Write the team numbers in order on 348 index cards, shuffle three or four times, then deal them into four piles.
Or you could write a program to do the same thing…
they used the same random number generator we used for our autonomous drive code
(oops did I say that?)
Similar to what (http://www.chiefdelphi.com/forums/showpost.php?p=847685&postcount=46) but slightly different. Your method probably wouldn’t produce as much clumping as mine.
Being completely serious I think they just took 4 teams at a time, randomly sorted them, then moved onto the next 4 teams, etc.

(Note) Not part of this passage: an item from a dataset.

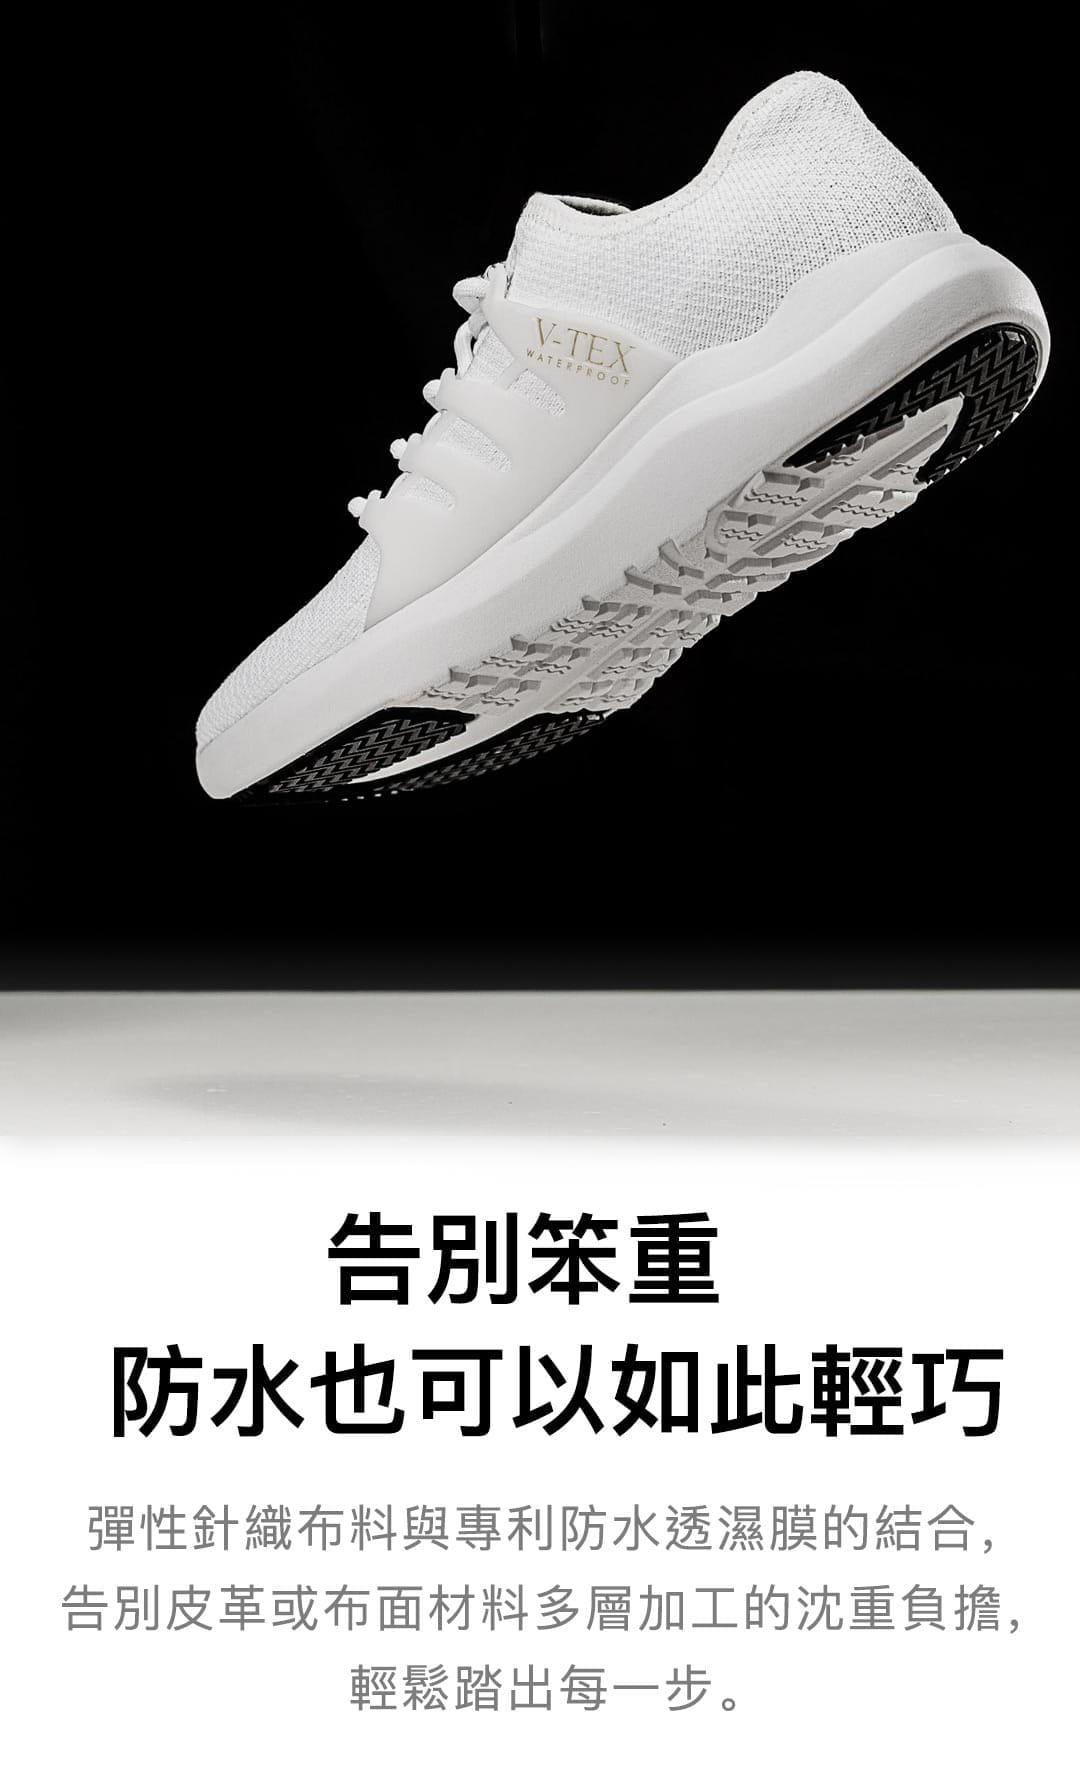 【V-TEX 地表最強防水鞋】【V-TEX機能防水鞋】 雙11優選款式 (3款任選) 16

It was not sorted by team number, team location or team name. I tried plotting all three to see if there was a pattern, and I didn’t find one. Someone else posted that it wasn’t based on registration date, based on how the last registrants are distributed.
So unless they found some other sorting mechanism, maybe based on some performance criteria such as quals ranking, it appears to be a random assignment. Random would give you strings of teams all assigned to the same division, such as 236 through 271 all being in Curie.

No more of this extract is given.